- First volume cover

メンズ校 (Menzu-kō)
- Genre: Romantic comedy
- Written by: Kaneyoshi Izumi
- Published by: Shogakukan
- English publisher: NA: Viz Media;
- Magazine: Betsucomi
- Original run: August 11, 2006 – February 13, 2010
- Volumes: 8
- Directed by: Shunsuke Kariyama; Mitsushi Okamoto; Masataka Hayashi;
- Written by: Naomi Hiruta
- Original network: TV Tokyo
- Original run: October 8, 2020 – December 24, 2020
- Episodes: 12

= Seiho Boys' High School! =

Japanese manga series

Seiho Boys' High School! (メンズ校, Menzu-kō) is a Japanese manga series written and illustrated by Kaneyoshi Izumi. It was serialized in Shogakukan's Betsucomi magazine from August 2006 to February 2010 and collected into eight volumes. A television drama adaptation aired on TV Tokyo from October to December 2020.

==Media==
===Manga===
Written and illustrated by Kaneyoshi Izumi, the series began serialization in Shogakukan's Betsucomi magazine on August 11, 2006. (Note: It started in the magazine's September 2006 issue, released on August 11 of that same year.) It completed serialization on February 13, 2010. Its individual chapters were collected into eight tankōbon volumes, released from January 26, 2007, to May 26, 2010. An epilogue chapter was released in Betsucomi in July 2020.

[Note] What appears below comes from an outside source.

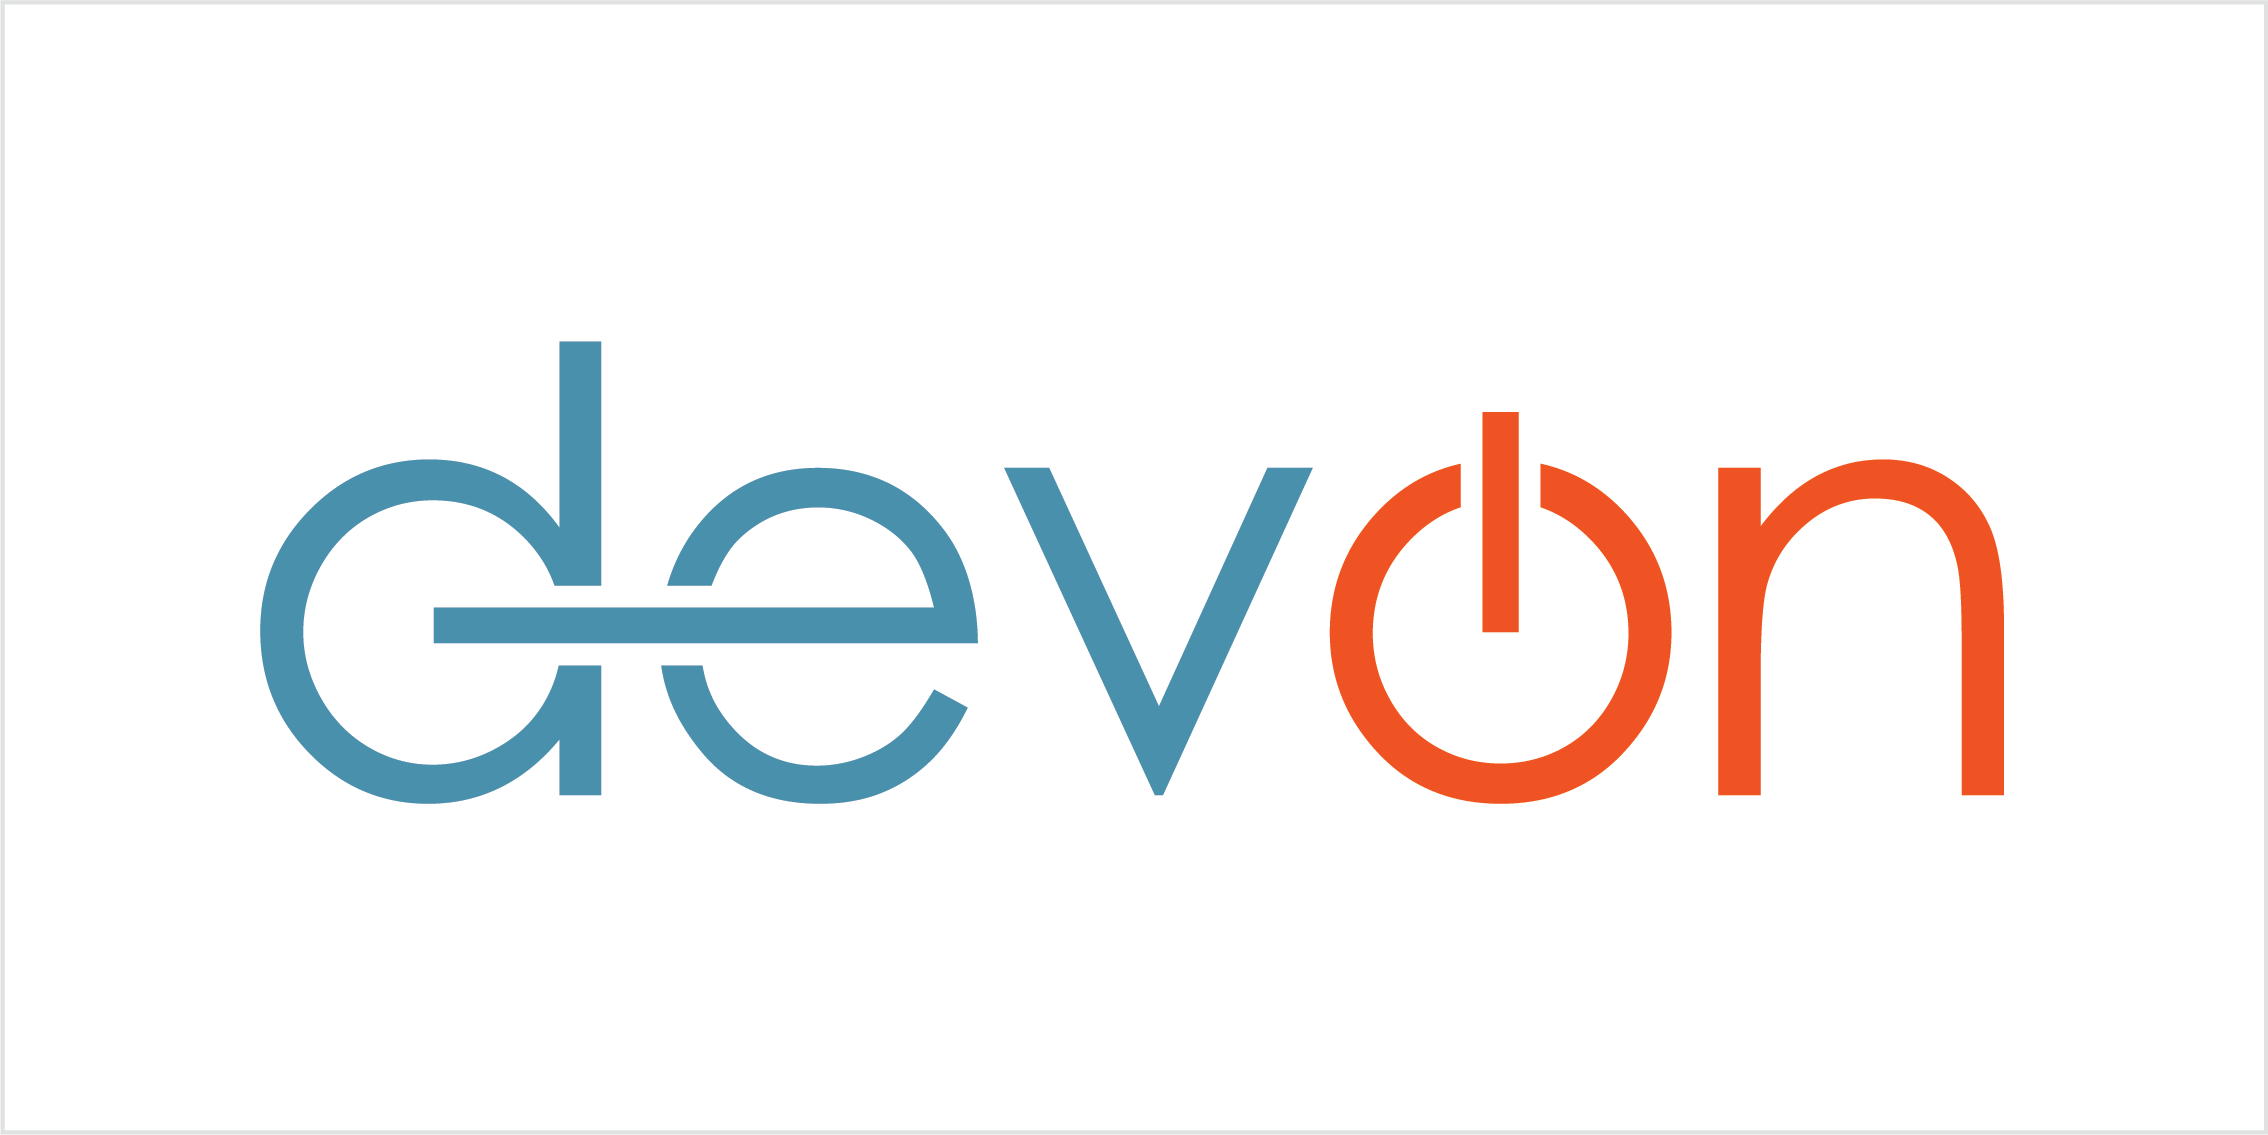 Devon Logo - Styleguide - DevOn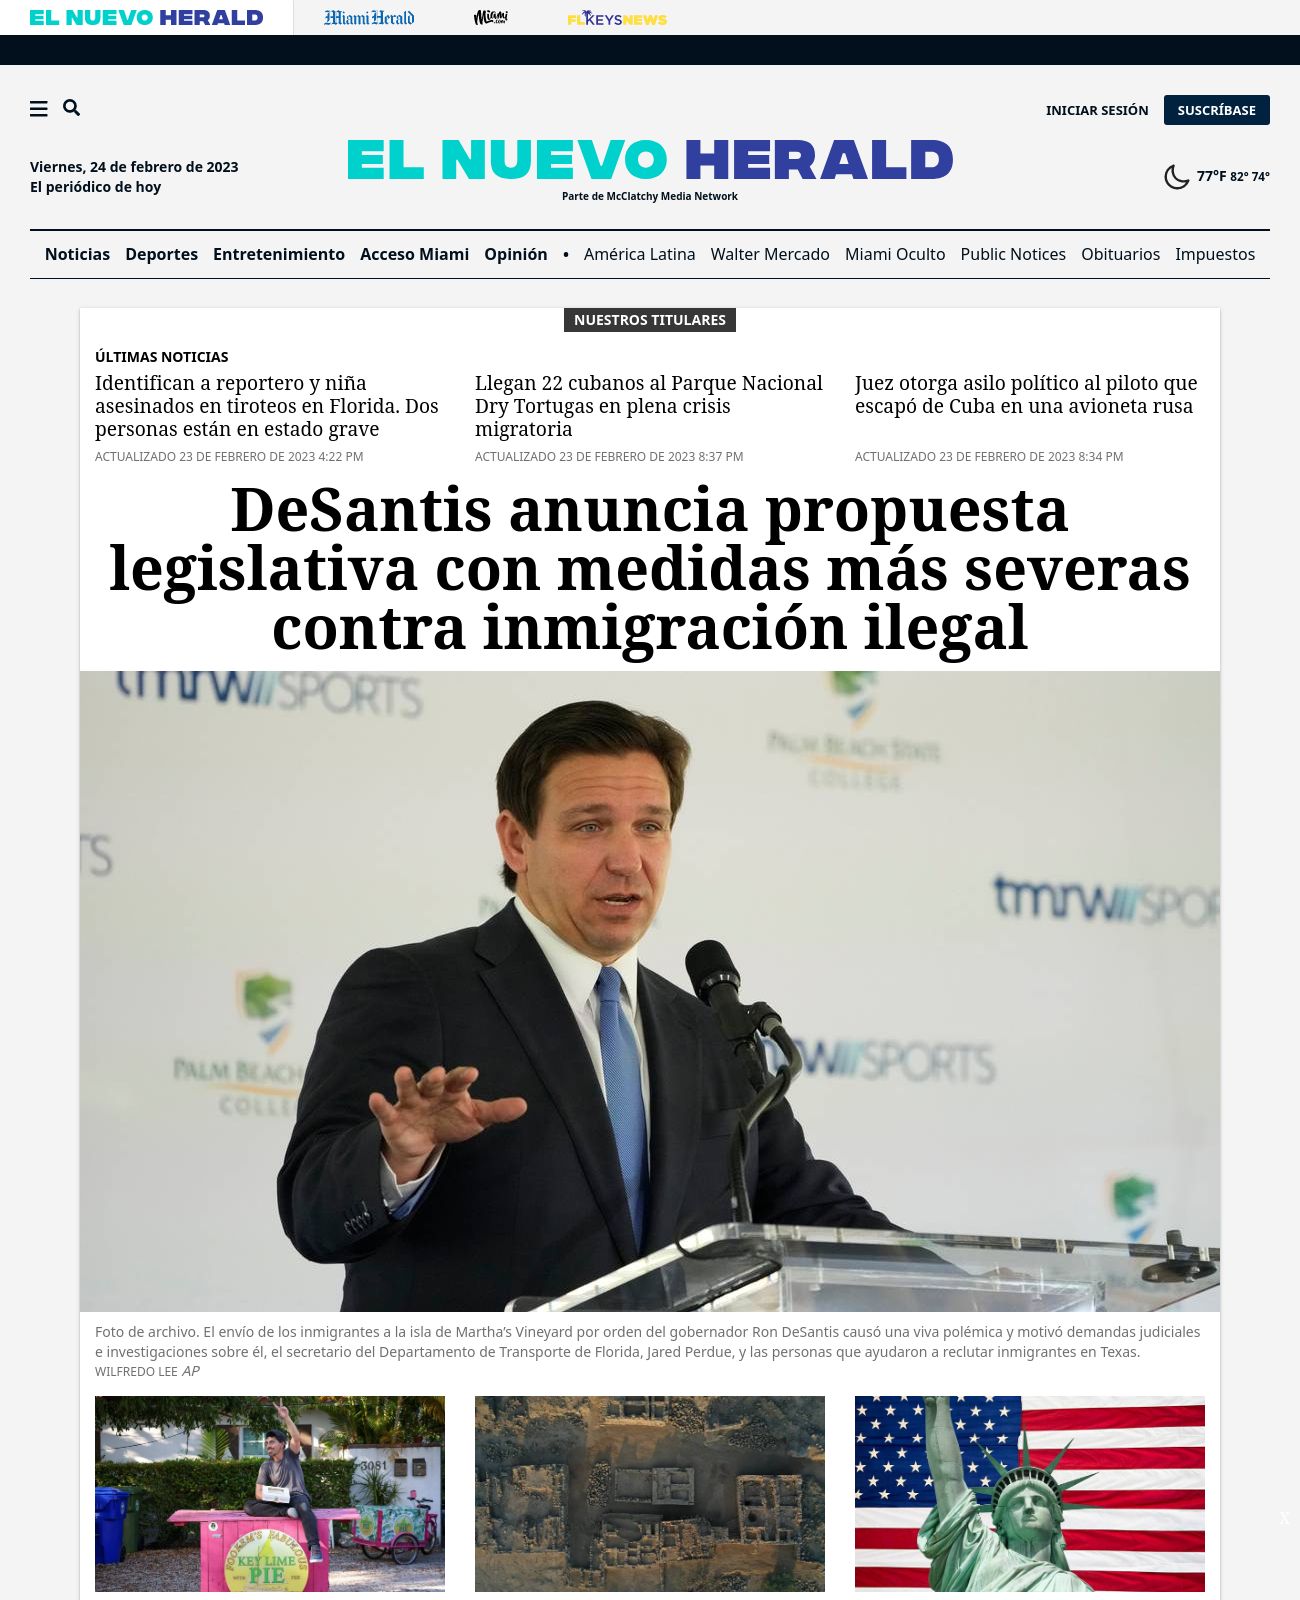 El Nuevo Herald at 2023-02-23 20:50:27-05:00 local time

Viz Media published the series in English.

===Stage play===
A stage play adaptation was performed at the Hakuhinkan Theater in Ginza from August 5–10, 2010. It starred Momosuke Mizutani and Ryutora Isogai, with Plus performing its main theme.

===TV drama===
A television drama adaptation was announced in March 2020. It was directed by Shunsuke Kariyama, Mitsushi Okamoto, and Masataka Hayashi, with Naomi Hiruta writing the scripts and the members of Naniwa Danshi performing the lead roles. It was originally set to premiere in July 2020, but was delayed due to the COVID-19 pandemic in Japan. Naniwa Danshi also performed its main theme, "Aoharu: With U with Me". The series aired from October 8 to December 24, 2020, on TV Tokyo's Dramaholic! programming block.

==Reception==
Zack Davisson of Manga Life praised the humor and artwork. He also felt the series "offeres up fan service for both guy and girl fans". Karen Maeda of Sequential Tart praised the artwork and characters, describing the former as "fun" and noting it was easy to follow. Lissa Pattillo of Anime News Network felt the manga had some good comedic moments and praised the Viz Media translation, though Pattillo also felt the art was generic and criticized the episodic storytelling.